Ideas? Books. Books are still the best way to look at photos. Everyone serious photographer should have Robert Frank's The Americans. Other great ones are: 

Edward Weston, 125 Photographs; Paul Strand, 60 Years of Photographs; The Photographer's Eye (the real one by John Szarkowski, not the one by some other guy); Why People Photograph and/or Beauty in Photography, both by Robert Adams; The Nature of Photographs by Stephen Shore; Naomi Rosenblum's A World History of Photography; Photography After Frank, Essays by Philip Gefter; The Ongoing Moment by Geoff Dyer; Susan Sontag's On Photography, and Group FG.64 by Mary Street Alinder. Just a few great reads.


----------



## scottburgess (Nov 25, 2016)

unfocused said:


> On my wishlist is a really warm pair of thin gloves, thin enough to wear while shooting. I suspect thin and warm are mutually exclusive, but if anyone has any suggestions, I'd love to hear about them.


Take a look at these. I own a pair of LowePro gloves, though mine look to be an older design. They work well and allow camera control.
https://www.amazon.com/Lowepro-Gloves-black-Lycra-Thermax/dp/B0000AE6C7


----------



## scottburgess (Nov 27, 2016)

Item added to my wishlist: a Flash X-tender, formerly known as a "Better Beamer." Or if you already have one, maybe you could use a LensCoat Beamer Keeper to hold it.


----------



## BeenThere (Nov 27, 2016)

To give a photo gift, try a framed print of one of your great images!


----------



## TeT (Nov 27, 2016)

scottburgess said:


> unfocused said:
> 
> 
> > On my wishlist is a really warm pair of thin gloves, thin enough to wear while shooting. I suspect thin and warm are mutually exclusive, but if anyone has any suggestions, I'd love to hear about them.
> ...



Have you considered glove liners?

https://www.amazon.com/Terramar-Adult-Thermasilk-Glove-Medium/dp/B000V5DB1E/ref=sr_1_1?s=sporting-goods&ie=UTF8&qid=1480289661&sr=1-1&keywords=thin+gloves


----------



## AJ (Nov 28, 2016)

Coming in slightly above 50 bucks:
https://store.usgs.gov/pass/index.html


----------



## timmy_650 (Nov 28, 2016)

Itunes gift cards for Apps or some Apps you can buy for someone else. 
Lens caps are nice if you haven't upgraded to the pinch model. 
More memory cards or thumb drives, I am always giving mine away to family/ friends who want pictures I took. 
Headlamps with red light.


----------



## Ozarker (Dec 6, 2016)

scottburgess said:


> All I want for Christmas is my two great whites.
> 
> However, at $9k+ each, a more realistic price range is under $50. So I need to fill out my wish lists, as many of you do too. What are some of the best gear pieces you have in this price range? Please share!
> 
> Scott



Sports Illustrated Swimsuit calendar and a soft pair of tube socks.


----------



## scottburgess (Jan 2, 2017)

Well, Christmas is over. Did anyone receive fun photo gifts?
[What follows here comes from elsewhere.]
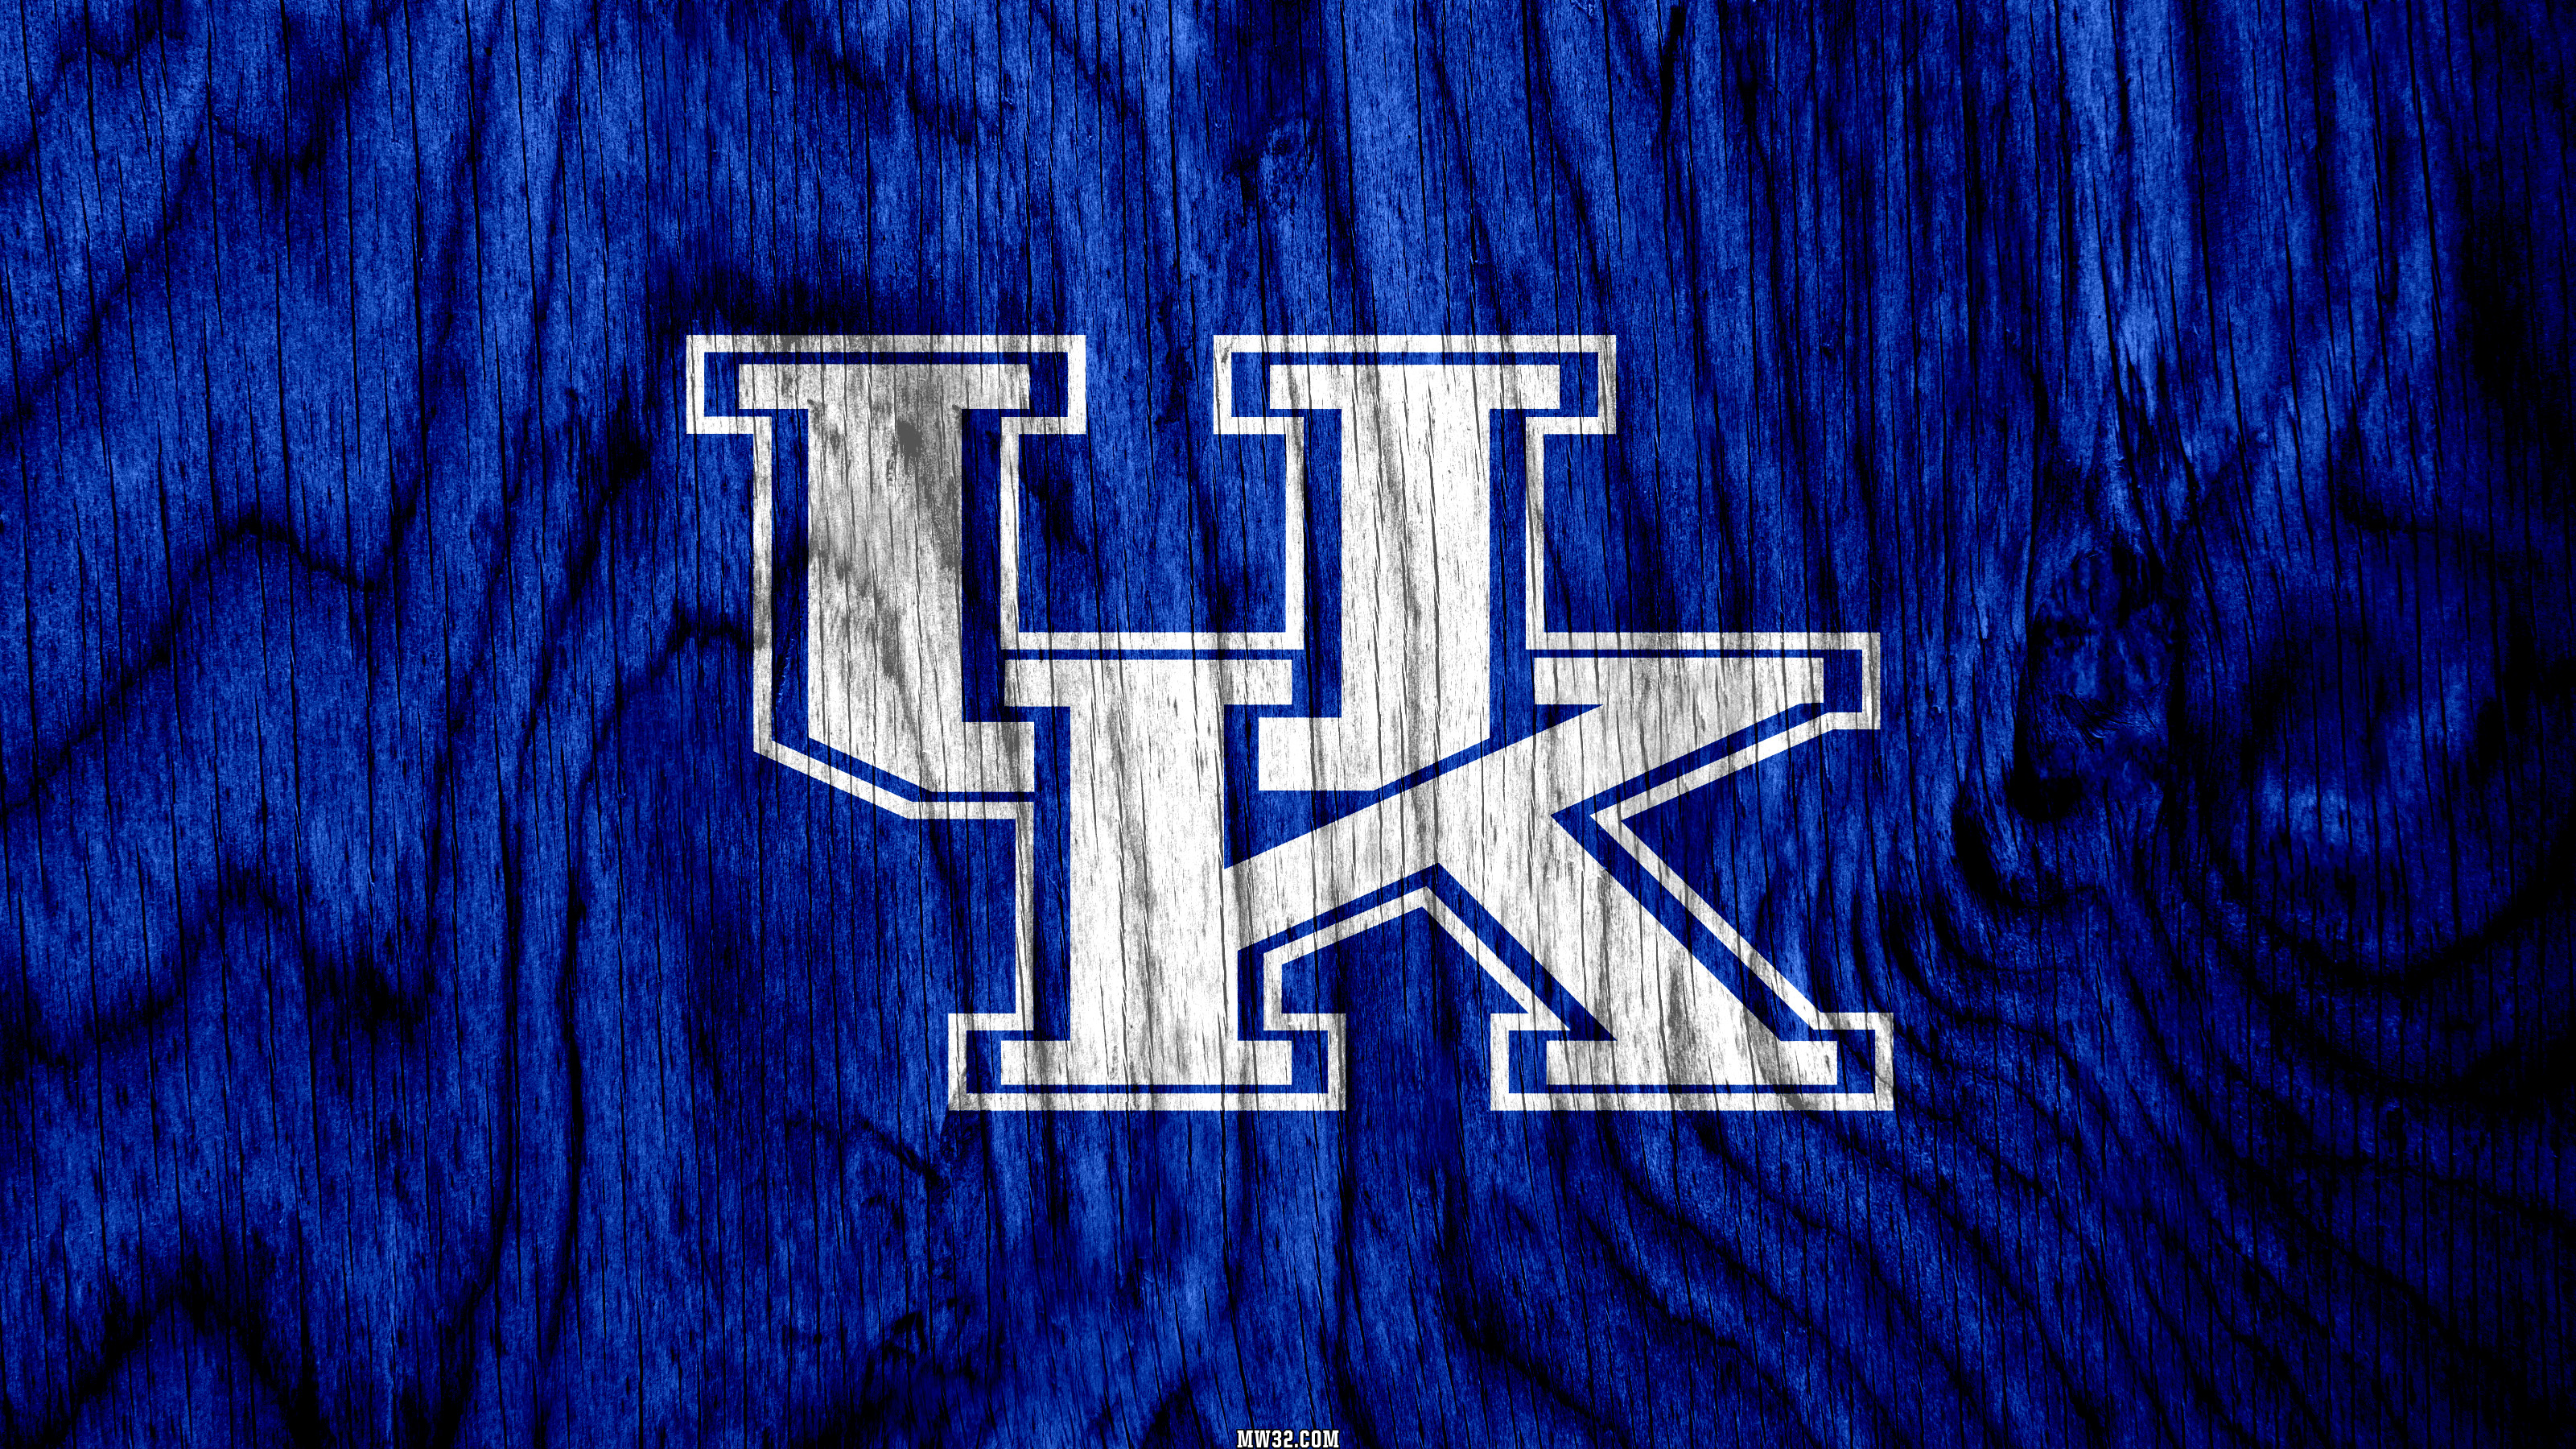 Preview NCAA 2016: Kentucky Wildcats

I got a pair of LimoStudio acrylic table tops displays, but suggest everyone avoid those. They came with air bubbles and deep scratches on the surface--completely worthless. If anyone is considering those, I recommend avoiding them and do what I did: hit your local tile store for an assortment of tiles that cost far less and are very durable (and easily replaced!).

I returned the acrylic table tops and ordered a Flash X-Tender for my flash instead. I look forward to its arrival.


----------



## slclick (Jan 13, 2017)

4 boxes of Ektar 100 plus shipping.


----------



## Jopa (Jan 13, 2017)

A half of a hundred dollars bill?


----------



## scottburgess (Jan 20, 2017)

Jopa said:


> A half of a hundred dollars bill?



You want jail time for mutilating currency... as a Christmas gift?!


----------



## scottburgess (Jan 20, 2017)

slclick said:


> 4 boxes of Ektar 100 plus shipping.



I can remember shooting nothing but Ektar 25 for years; a great fine-grained high-contrast film!


----------